The complete list of all signatory countries is available online at the National Center for Missing and Exploited Children’s website. The United States became a signatory in 1981 and enacted the International Child Abduction Remedies Act to implement it in the United States.
The Hague Convention seeks to simplify international cases, in which courts in different countries had been issuing conflicting orders, by reducing them to one issue: Where should the case take place?
Signatories use the Hague Convention as procedural authority to determine whether children removed from one country should be returned, for the case to take place there, or should remain in their new country.
The familiar “best interests of the child” standard has no bearing. The issue is not whether the new country is “best” for the child but whether the child has been removed from his domicile, or home country, in contravention of the Hague Convention.
In most cases, the left-behind parent with custodial rights files an action in the child’s new country for return of the child.

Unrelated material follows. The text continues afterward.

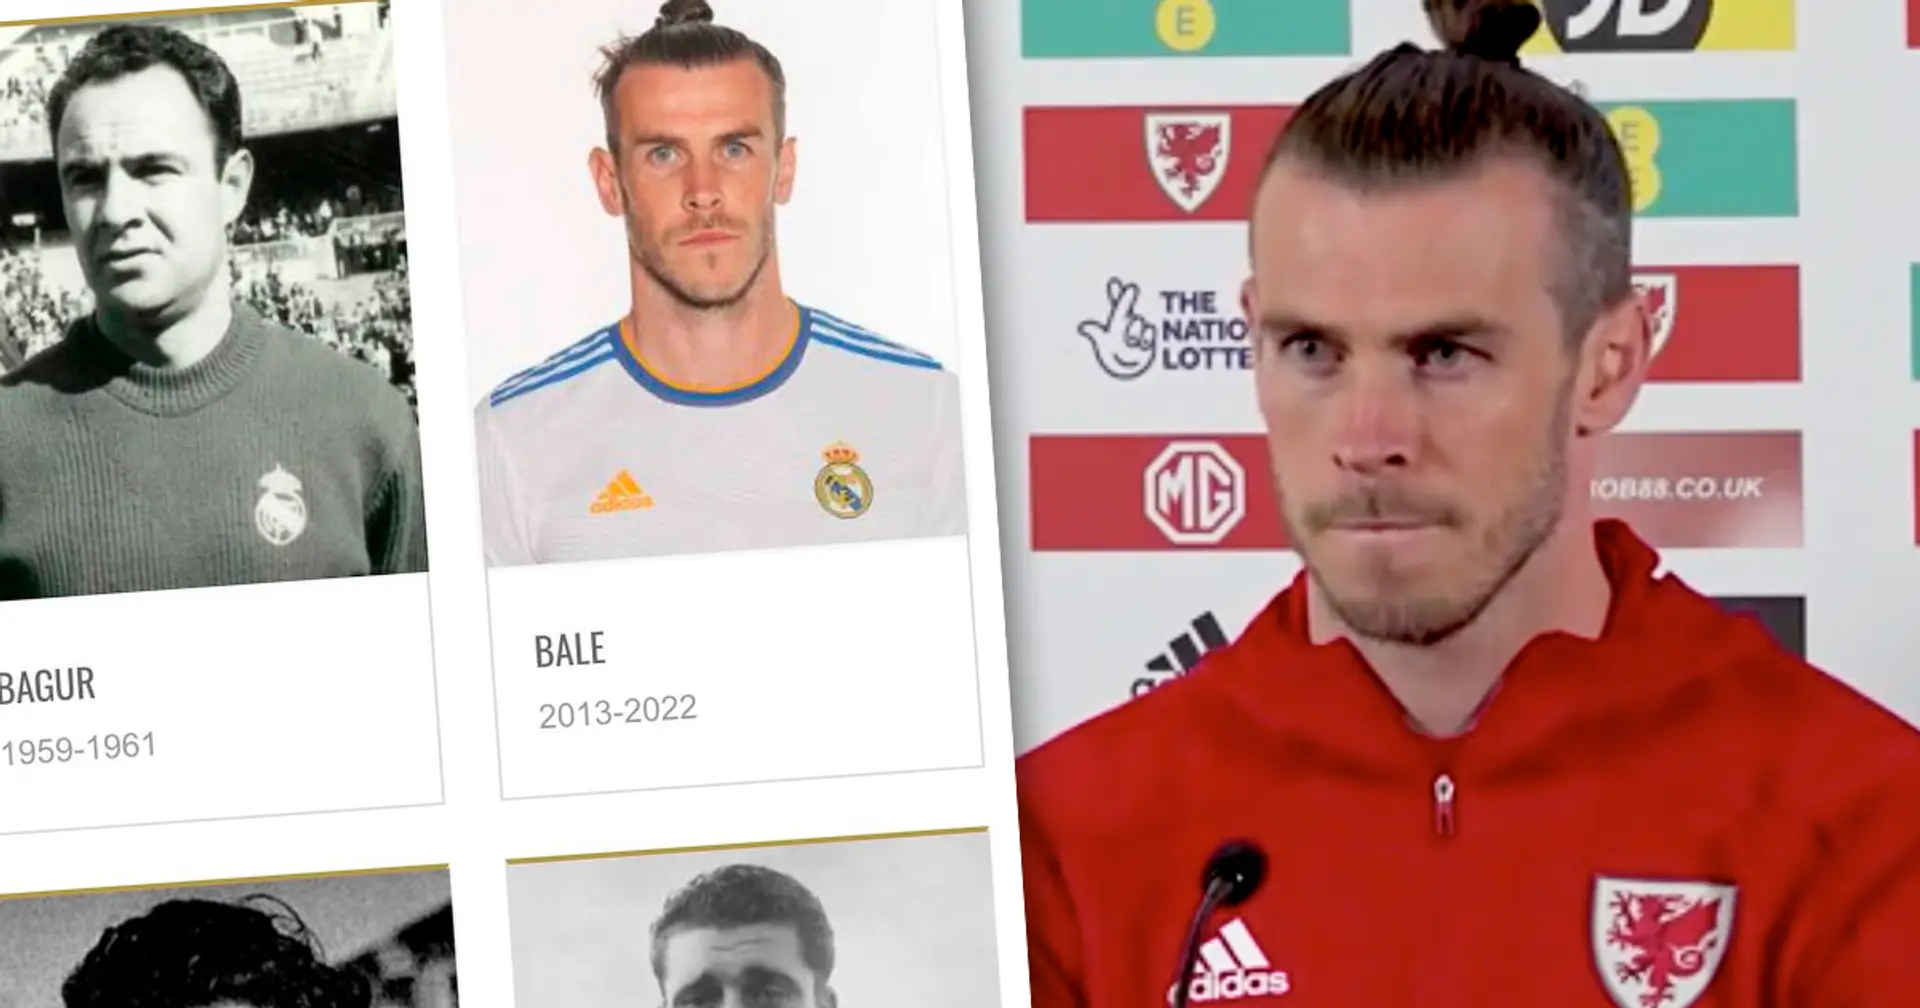 Le Real Madrid ajoute 3 joueurs à la liste des légendes, dont Bale

In some ways, the case proceeds just like a custody case: the left-behind parent files a petition or complaint; the moving-parent files an answer; the court may issue temporary custody orders; and the parties appear in court to argue their points, sometimes in an evidentiary hearing with witnesses, expert reports and other evidence.
In many ways, however, the case is unique. The Hague Convention, in Article 16, specifically bans the court from obtaining jurisdiction to hear the underlying custody dispute; the left-behind parent must file the action within one year of removal (excluding times when the child was away with permission and, in some countries, times when the moving-parent secreted the child); the court cannot return the child if the child is age 16 or older (even if the case began before age 16); and the court may refuse to order the return if the child has become well-settled in the new country, if the child is mature enough to object and does object to return, if the child faces a grave risk of physical or psychological harm if returned, if the left-behind parent acquiesced in the removal, or if the return violates the new country’s fundamental notions of public policy, even if the left-behind parent resides in the child’s home country.
These are the moving-parent’s affirmative defenses, and each one the courts narrowly apply to avoid mixing, impermissibly, with the “best interests of the child” standard. Cases analyzing each affirmative defense are available on the NCMEC’s website.
If the left-behind parent proves, by a preponderance of the evidence, that…
1) the child had a habitual residence in that parent’s country before removal;
2) the moving-parent breached the parent’s custody rights, which need not be joint physical custody; and
3) the parent was actually exercising the rights at the time of removal…
and none of the affirmative defenses apply, then the court must order the child returned to the home country.
From there, the parents may litigate under the “best interests of the child” standard.